EXTRACTED MATERIAL —

——————

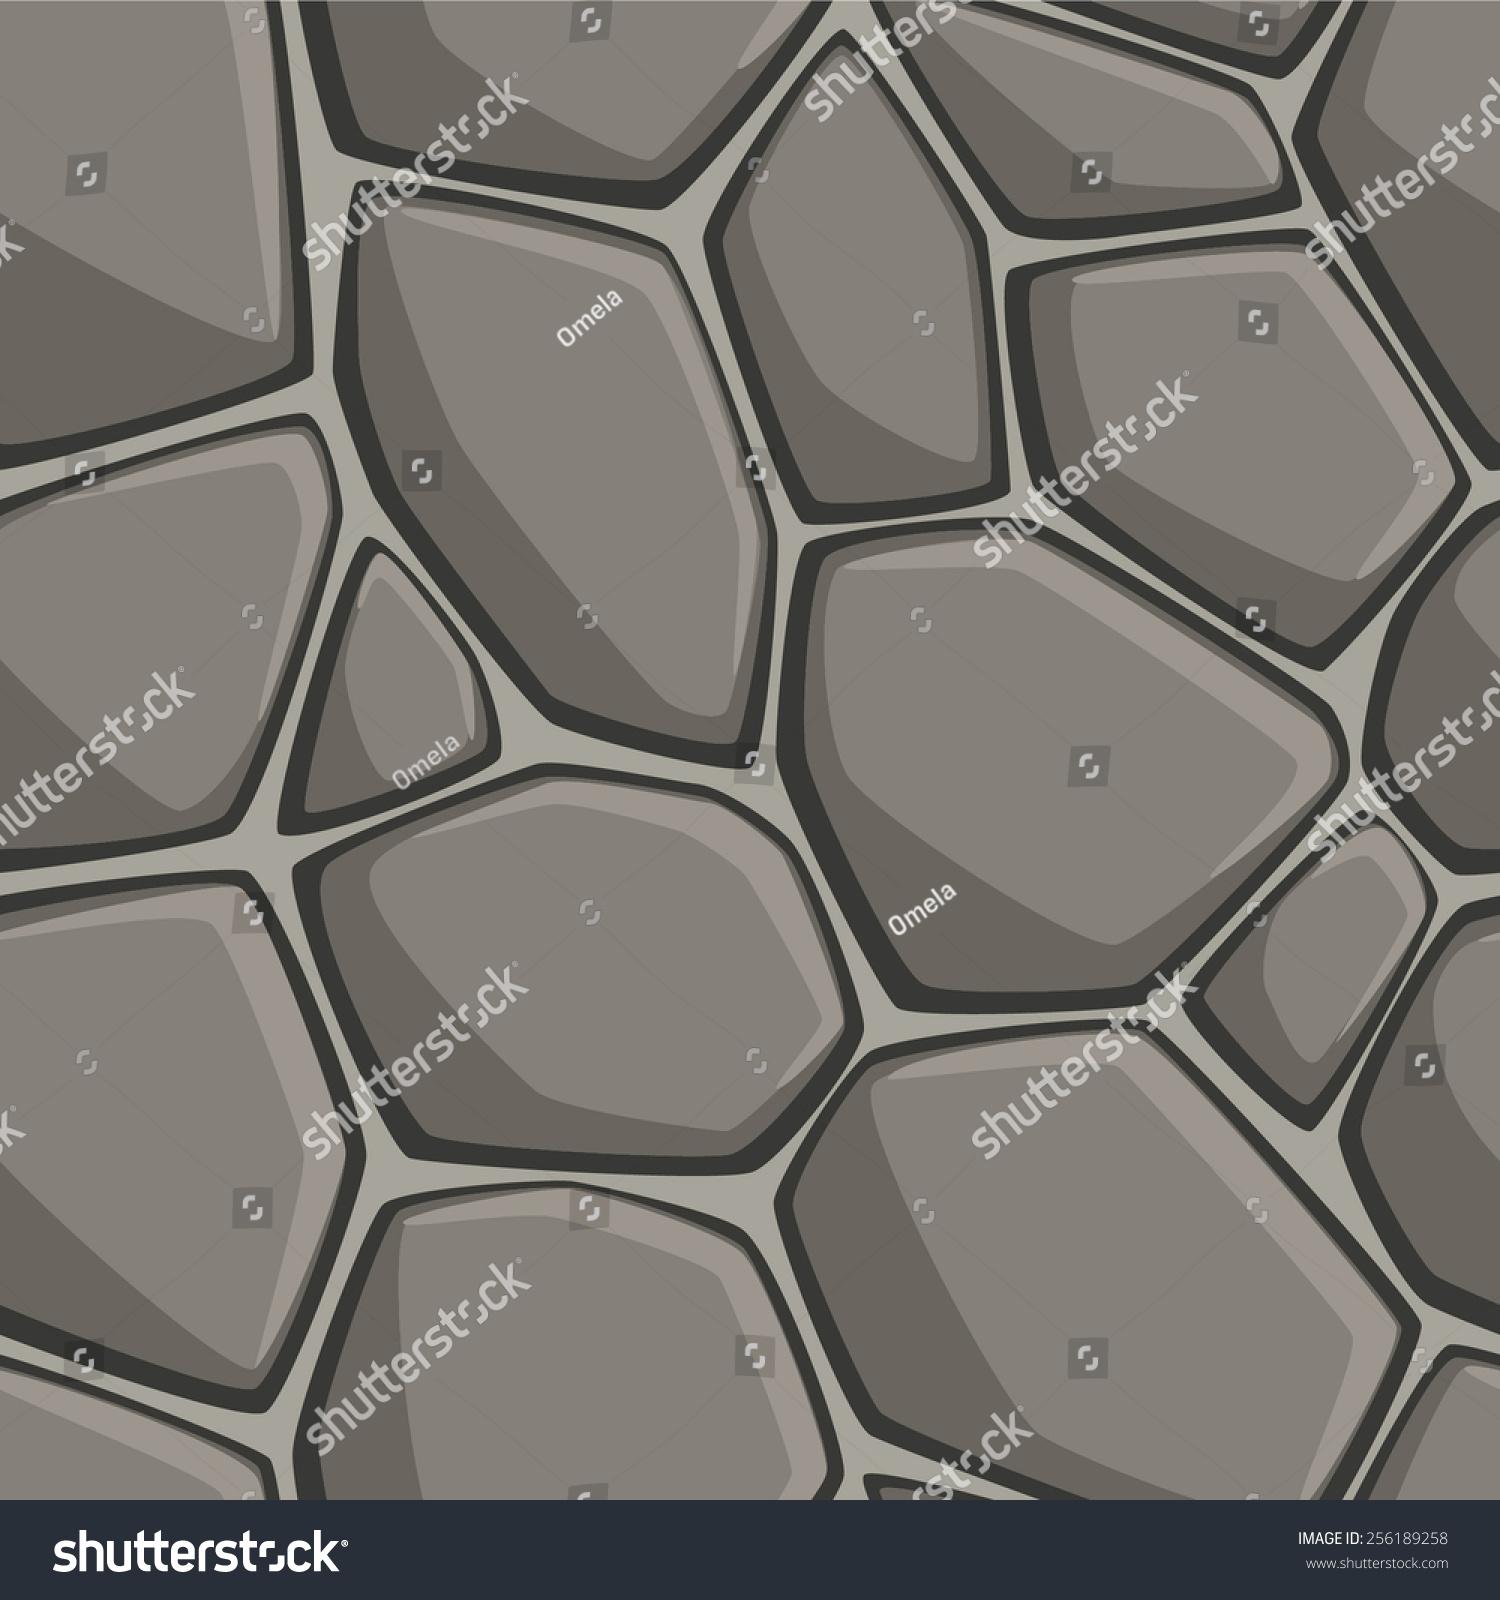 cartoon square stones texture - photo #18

——————

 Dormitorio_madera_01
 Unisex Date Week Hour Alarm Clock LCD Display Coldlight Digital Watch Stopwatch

——————

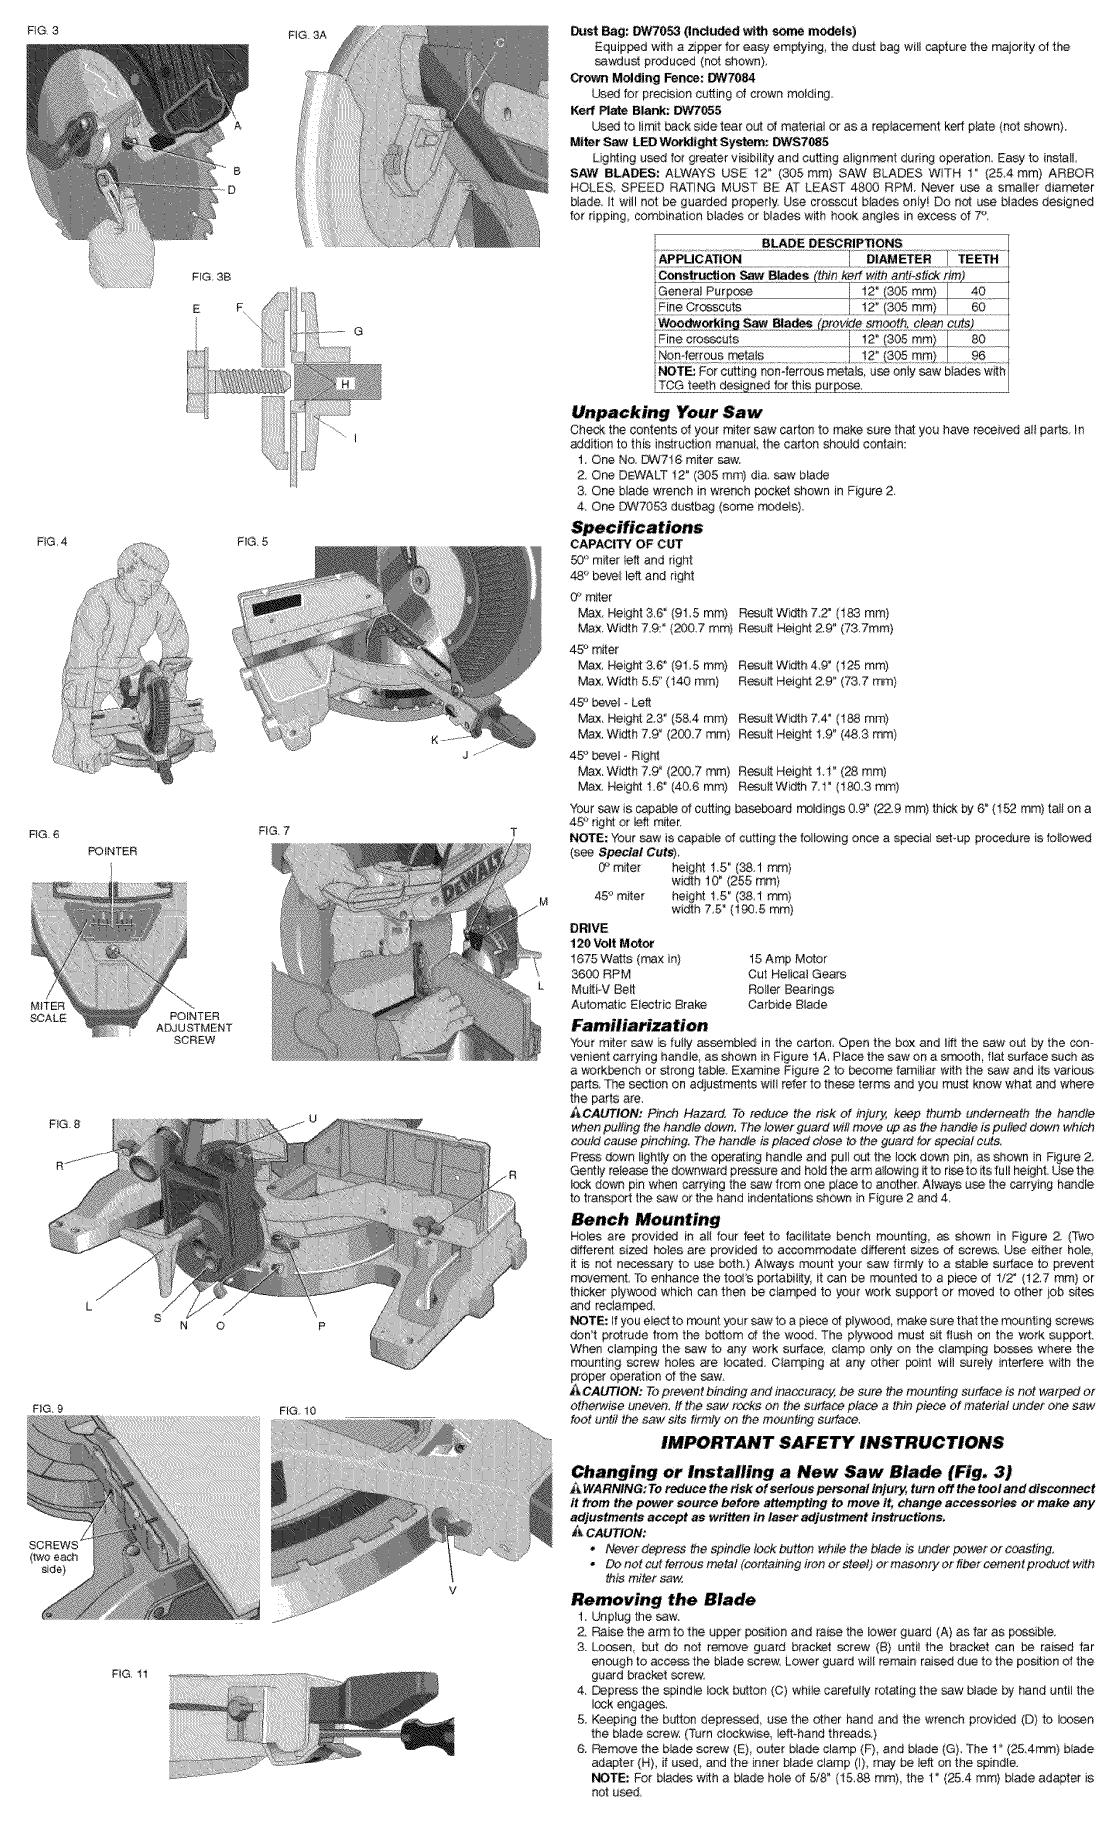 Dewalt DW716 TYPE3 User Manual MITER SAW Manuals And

——————

INSTRUCTIONS FOR THE TASK — Using only the entries above, output the line with "Dormitorio_madera_01", the line with "Unisex Date Week", and all lines between them, exactly as they stand.

EXERCISE RESULT —
 Dormitorio_madera_01
 Unisex Date Week Hour Alarm Clock LCD Display Coldlight Digital Watch Stopwatch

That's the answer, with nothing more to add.